With the pictures omitted, write out all of the listing exactly.

## Given information
-- Opening Marker --

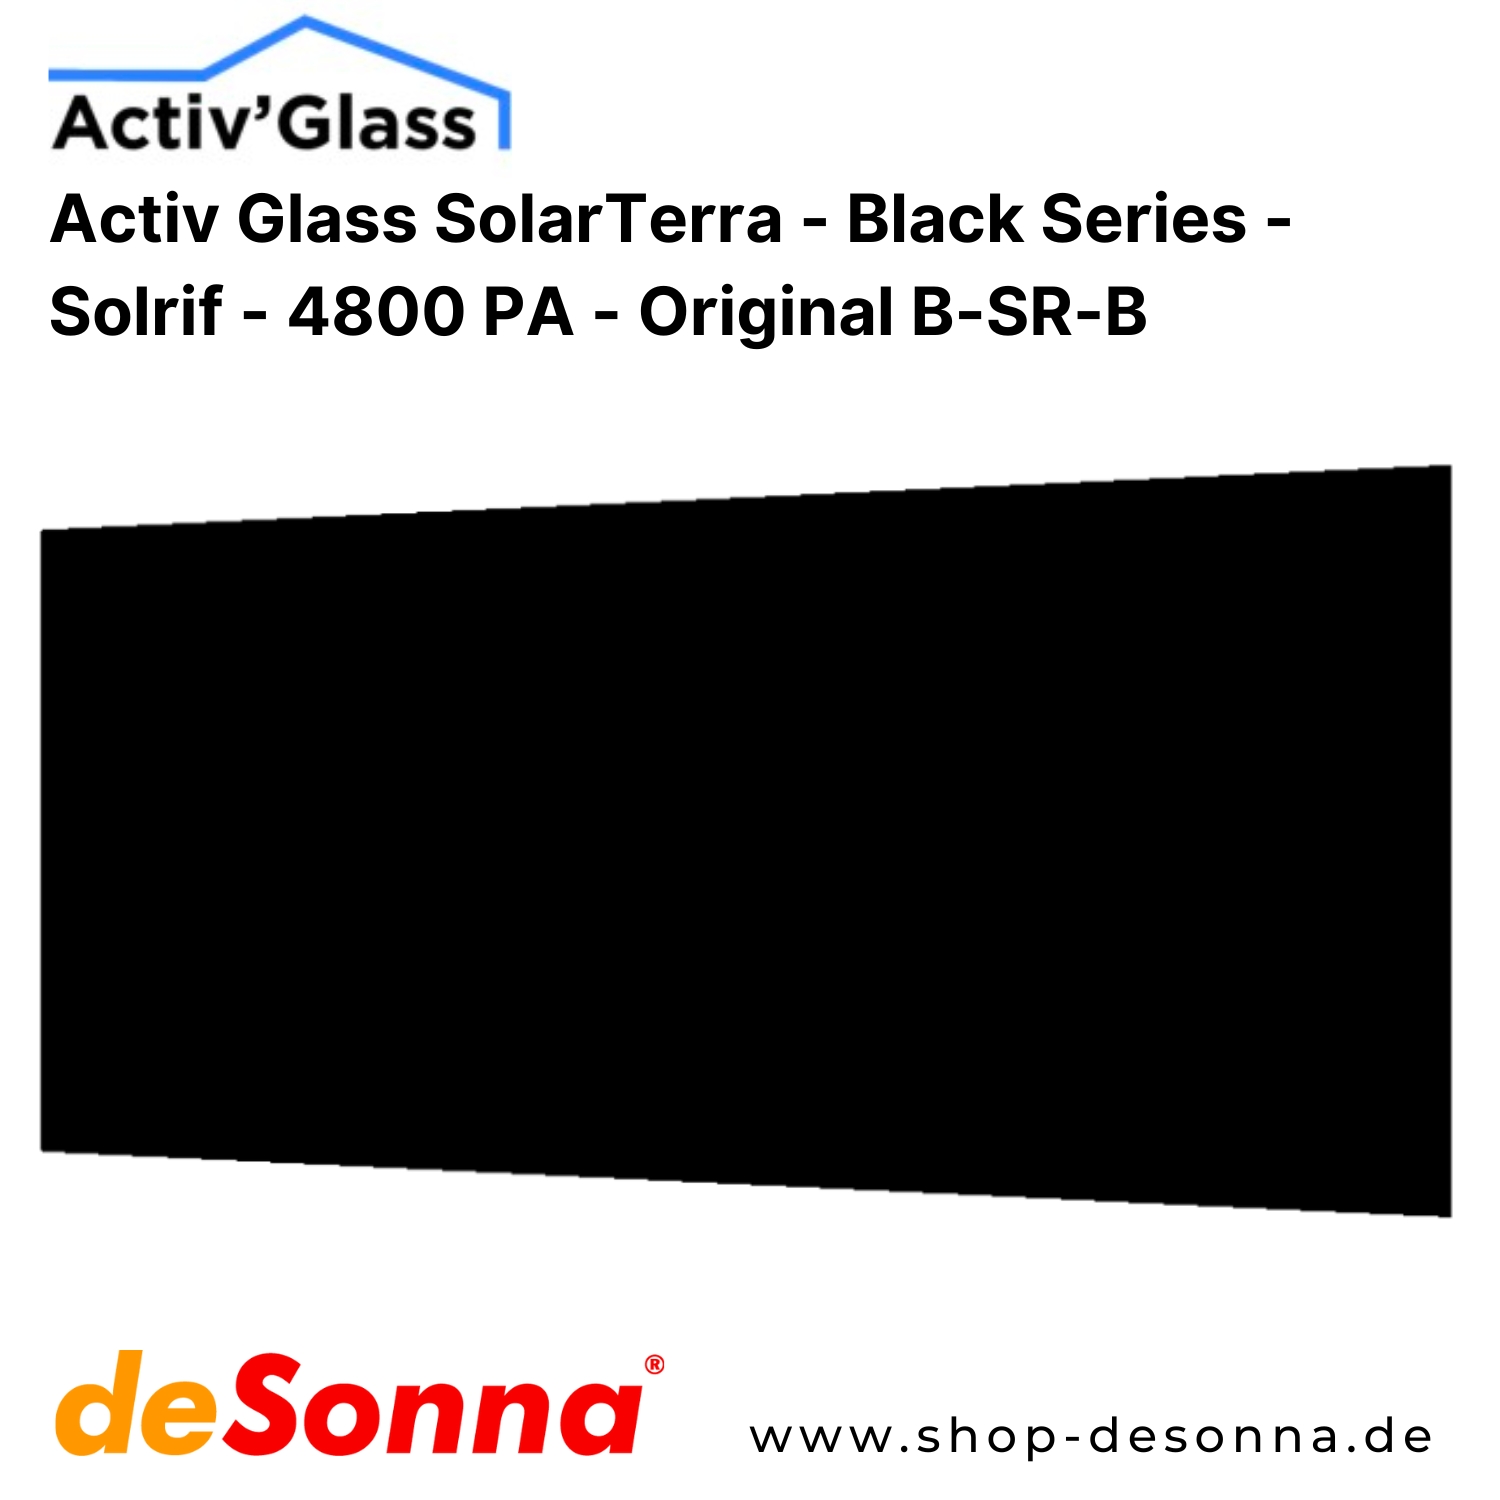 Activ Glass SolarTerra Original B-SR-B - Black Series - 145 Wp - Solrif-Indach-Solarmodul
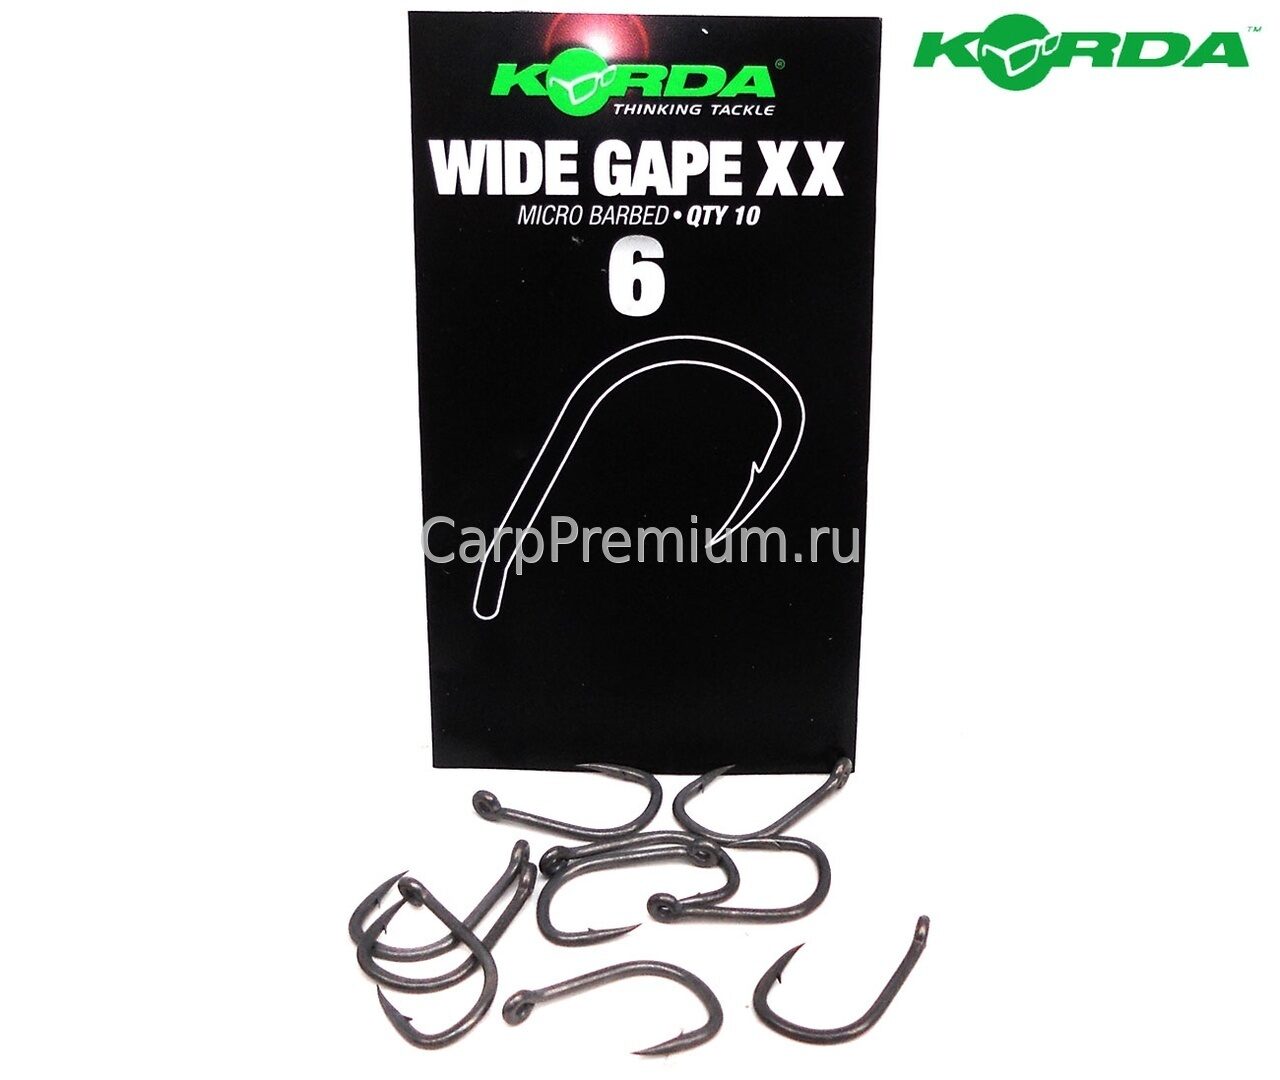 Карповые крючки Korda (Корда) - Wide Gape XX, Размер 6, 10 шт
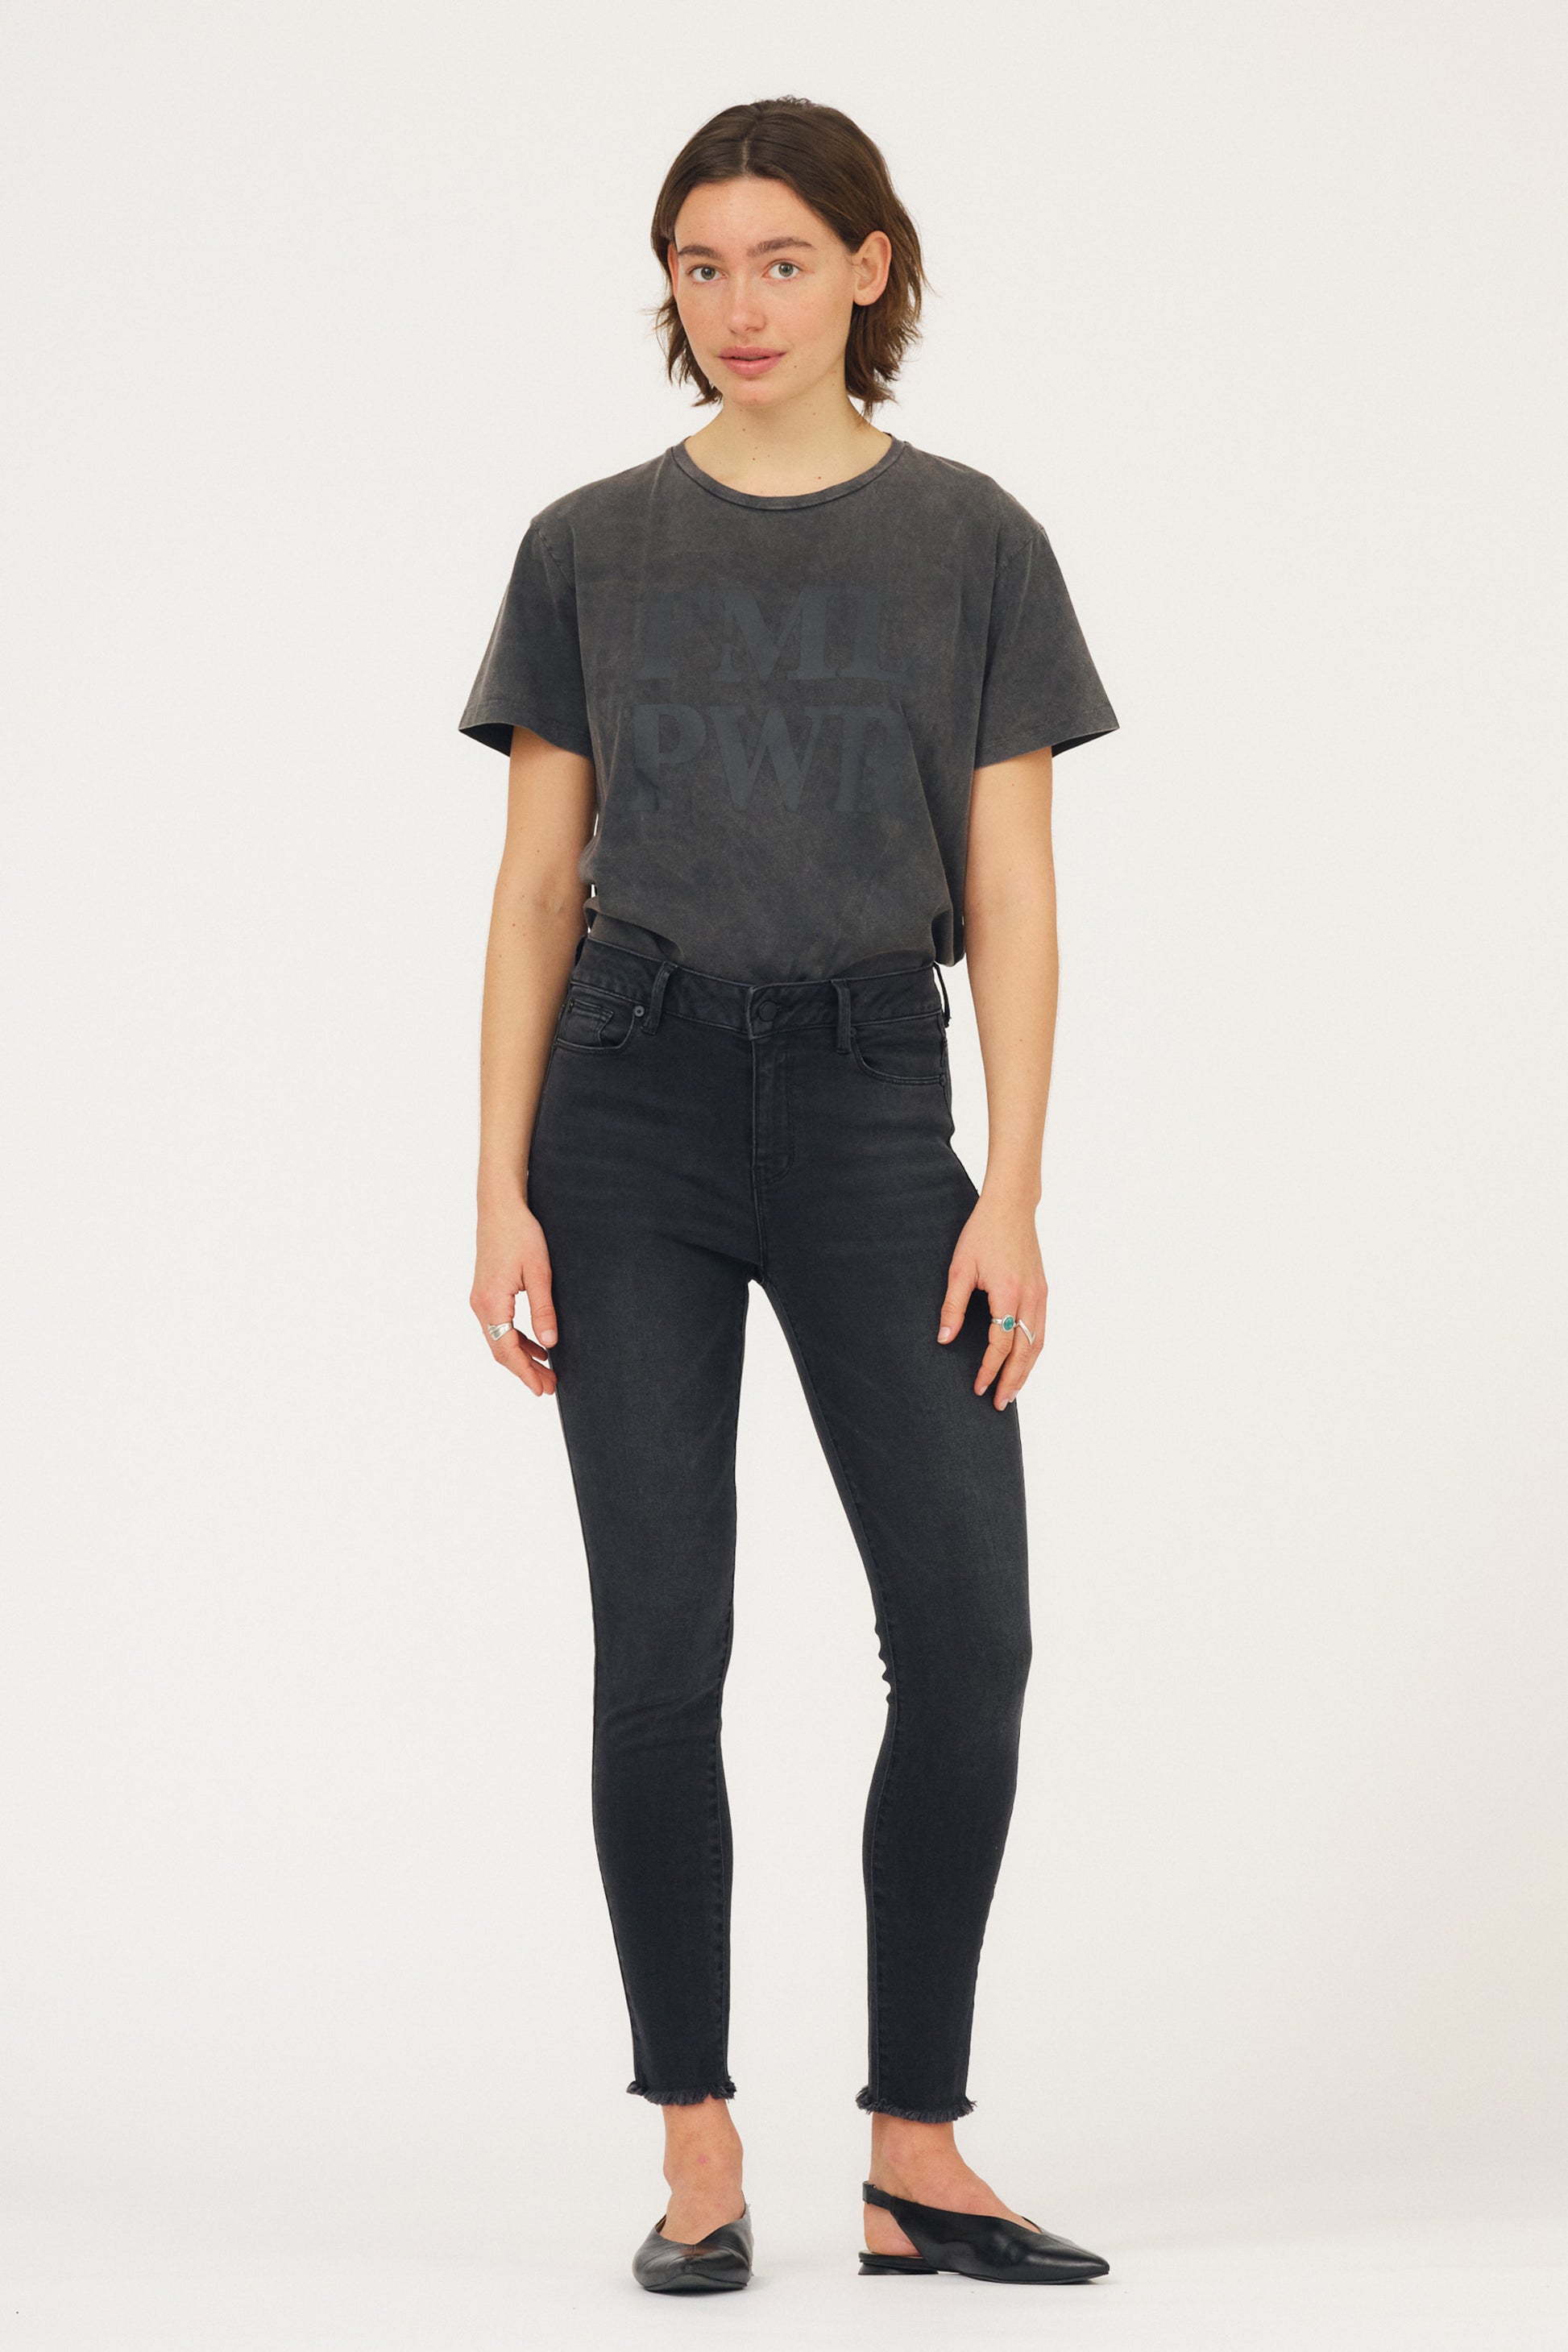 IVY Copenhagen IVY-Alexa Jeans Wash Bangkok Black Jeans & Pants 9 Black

-- Closing Marker --

## Solution for this task
 Activ Glass SolarTerra Original B-SR-B - Black Series - 145 Wp - Solrif-Indach-Solarmodul
 Карповые крючки Korda (Корда) - Wide Gape XX, Размер 6, 10 шт
 IVY Copenhagen IVY-Alexa Jeans Wash Bangkok Black Jeans & Pants 9 Black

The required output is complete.